Books About Nepal’s History

Riya Pant,   Blog   14 May 2022
Books About Nepal’s History

Whether you’re dreaming of trekking the Himalayan Mountains or submerging yourself in its diverse culture, Nepal is a place to read about before visiting. Our country is most popularly known as the birthplace of Buddha and the home to the great Mount Everest. But that is not all. There are several other things that deserve to be highlighted. One of them is our complex history.

This list features native Nepali as well as foreign authors who will give you a well-rounded and correct account of our tradition, way of living and history.

  • Forget Kathmandu – Manjushree Thapa

Forget Kathmandu: An Elegy for Democracy is a historical book by Manjushree Thapa published in 2005. Thapa is one of the first mainstream English writers from Nepal. She grew up in Nepal, Canada and the United States. She worked as a journalist during the Maoist insurgency in Nepal. This book is a narration of the author’s personal experience, reportage and analysis of the present socio-political scenario of Nepal. The book covers several issues in the political and historical scenarios of Nepal. It includes the ten-year-long Nepalese civil war and the Royal Massacre.
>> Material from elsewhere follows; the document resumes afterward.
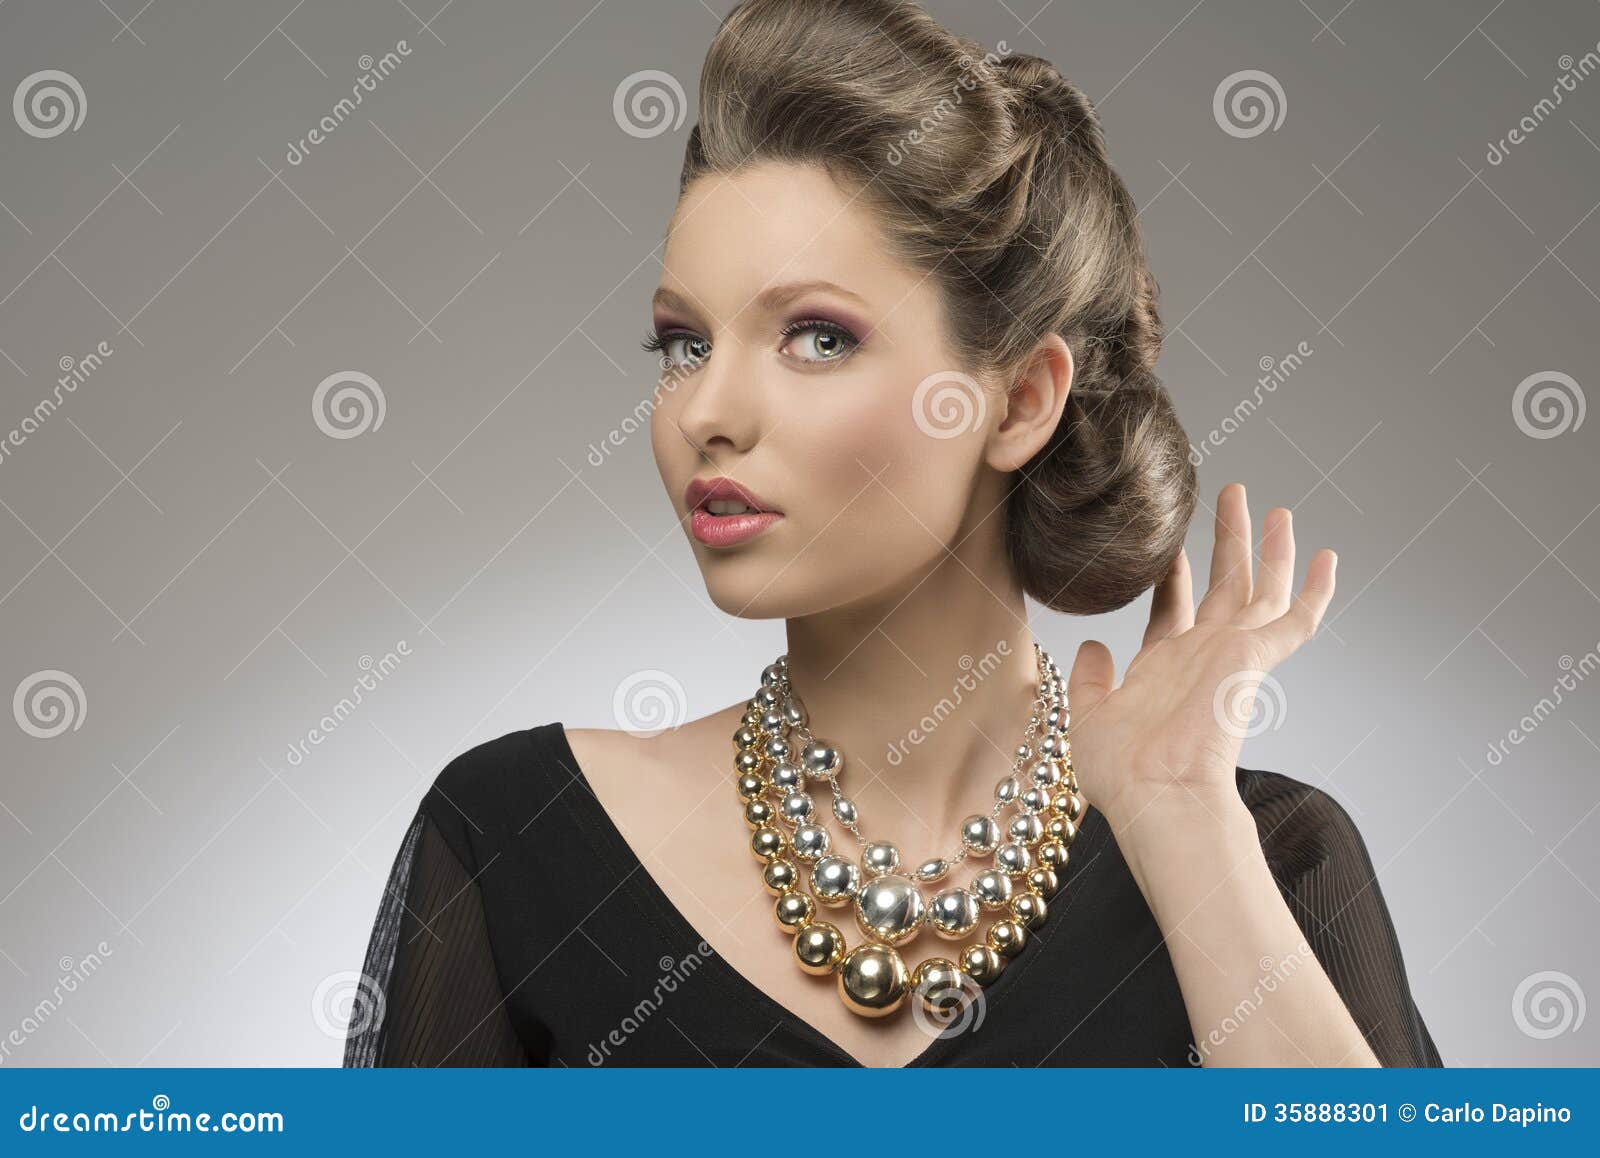 Elegant Lady With Creative Hair style  Stock Image Image

Forget Kathmandu is Thapa’s attempt at making sense of the state of Nepal in the early 2000s. She travels to Dailekh, Kalikot and Jumla, the hotspots of the civil war, to interact with the locals. They see poverty at the worst, negligible facilities, gender inequality and caste divide. The book begins with the turmoil that occurred when news of the royal massacre reached the people. The rituals and the conspiracies were abundant. Then, she goes back in history to discuss the Shah rulers, the Ranas and the Mallas before them. The book links the past and present of Nepal by breaking narratives of the past and creating a background for interpreting the present.

  • Battles of the New Republic – Prashant Jha

Battles of the New Republic: A Contemporary History of Nepal is an account of Nepal’s transformation from war to peace, monarchy to republic, a Hindu kingdom to a secular state, and a unitary to a federal state. But the process of change has repeatedly broken down and Nepal’s politics has continuously fragmented. The first Constituent Assembly failed to draft a constitution; the Maoists, who sparked the transformation with an armed insurrection and once represented hope, have been co-opted into the very political culture they once challenged; never-ending political negotiations have chronically paralyzed the governance initiatives needed to address Nepal’s problems; and India, the country’s powerful neighbour, has played an overwhelming role in national politics, choosing to intervene or stay away at crucial junctures.

With access to the most powerful leaders in the country as well as diplomats, it gives an unprecedented glimpse into Kathmandu’s high politics. But this is paired with the ground-level reportage on the lives of ordinary citizens striving for a democratic and equitable society.

  • The Bullet and the Ballot Box: The Story of Nepal’s Maoist Revolution – Aditya Adhikari

In the past decade, many books have been written on Nepal’s Maoist movement to understand its emergence, causes and growth, from different perspectives. What sets this book apart is that it provides a comprehensive picture of the revolutionary movement and the peace process that followed.

Adhikari states that Nepal’s movement was not spontaneous, not by chance and not irrational. Nepal’s revolution had three phases: pre-movement, the war period and the post-movement. It discloses important hidden facts not revealed by earlier books.

  • The Royal Ghosts – Samrat Upadhyay

The title of the book comes from the massacre of the royal family in 2001, but the book includes short stories about the problems of daily life in Kathmandu. The influence of the Maoist on ordinary people is also a theme. These characters struggle with their duties to their ageing parents, an oppressive caste system, and the complexities of arranged marriage. In the end, they manage to find peace and connection, often where they least expect it— with the people directly in front of them. Issues such as homosexuality, father-daughter relationships and victimization of terrorism are portrayed. These stories brilliantly examine not only Kathmandu during a time of political crisis and cultural transformation but also the effects of that city on the individual consciousness. 

  • Kathmandu – Thomas Bell

Kathmandu is the greatest city in the Himalayas. It is a unique survival of cultural practices from around the nations. It is a carnival of sexual licence and hypocrisy, a jewel of world art, a hotbed of communist revolution, a paradigm of failed democracy, a case study in bungled Western intervention, and an environmental catastrophe. The book follows the author's story through a decade in the city and unravels the city's history through successive reinventions of itself.

Closed to the outside world until 1951 and trapped in a medieval time warp, Kathmandu's rapid modernization is an extreme version of what is happening in many traditional societies. The many layers of the city's development are reflected in the successive generations of its gods and goddesses, witches and ghosts, the comforts of caste; the ethos of aristocracy and kingship.